Personal details
- Born: 15 January 1923 Luang Prabang, Laos
- Died: 2011 (aged 87–88)
- Political party: Lao People's Revolutionary Party
- Spouse: Khamphay Boupha ​(m. 1943)​
- Occupation: Teacher

= Khampheng Boupha =

Laotian politician

Khampheng Boupha (ຄຳແພງ ບຸບຜາ; 15 January 1923 – 2011) was a Laotian politician who served as a member of the Central Committee of the Lao People's Revolutionary Party and President of the Lao Women's Union.

==Early life==
Khampheng Boupha was born in Luang Prabang and completed her schooling from there.

==Career==
Khampheng began her career as a teacher and later took up translation work. From 1946 to 1949, she stayed in Thailand with her husband, a member of the Lao Issara government. A year later, both of them joined the Free Laos Front. She won the May 1958 supplementary elections for Luang Prabang and became a member of the National Assembly of Laos. It was during this time that the Boupha couple was actively involved with the Pathet Lao communist movement in Vietnam.

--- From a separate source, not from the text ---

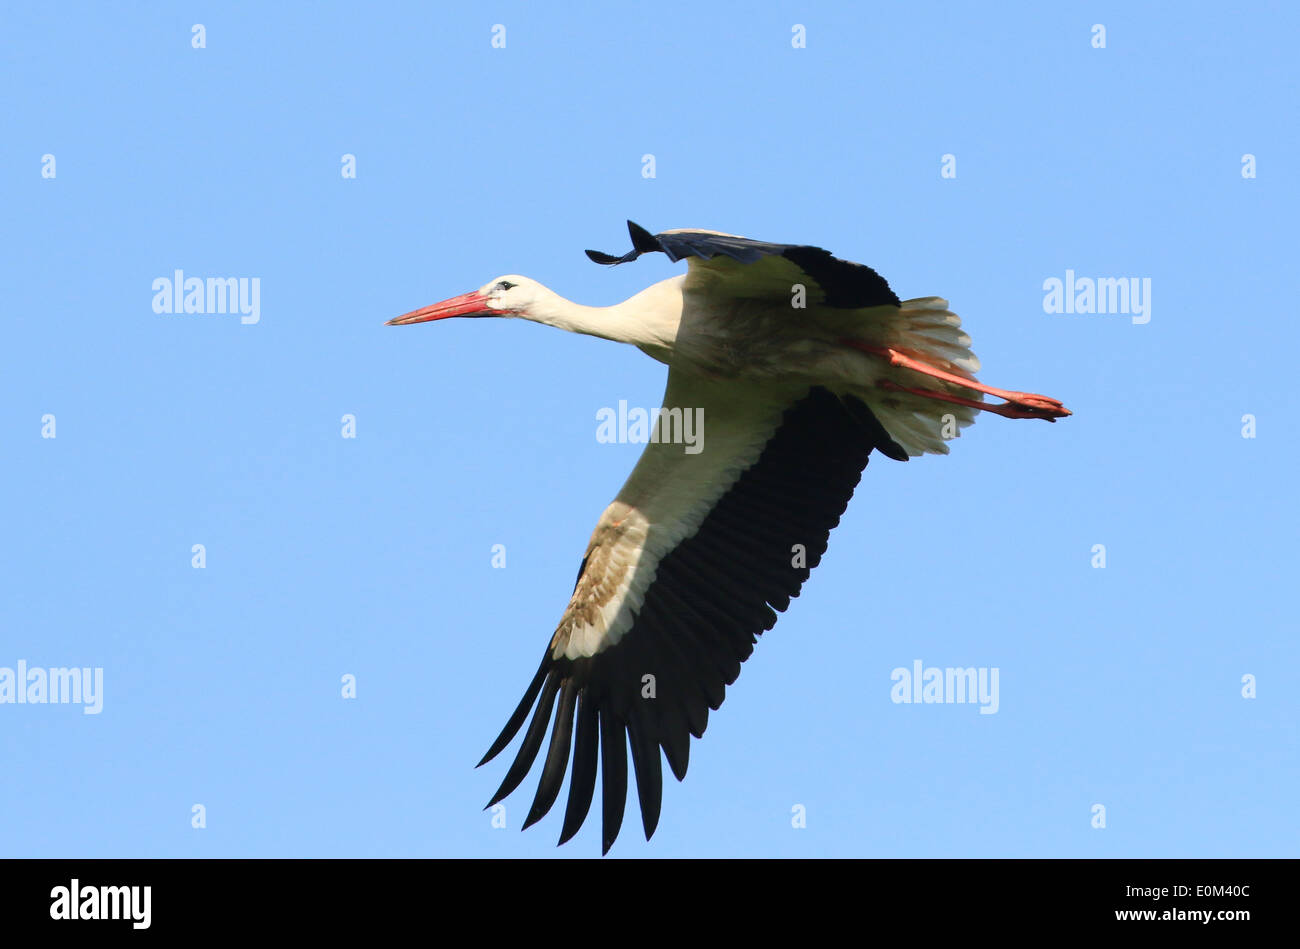 European White Stork (Ciconia ciconia) in flight Stock Photo

In 1979, Khampheng became a member of the newly formed Lao Front for National Development's Standing Committee and three years later was elected to the Central Committee of the Lao People's Revolutionary Party. Owing to health issues, she did not stand for re-election. She also served as president of Lao Women's Union and Secretary of State for Rural Affairs.

==Personal life==
In 1943, Khampheng married Khamphay Boupha, who served as the Laotian deputy minister of foreign affairs from 1975 to 1985. Kampheng Boupha died in 2011.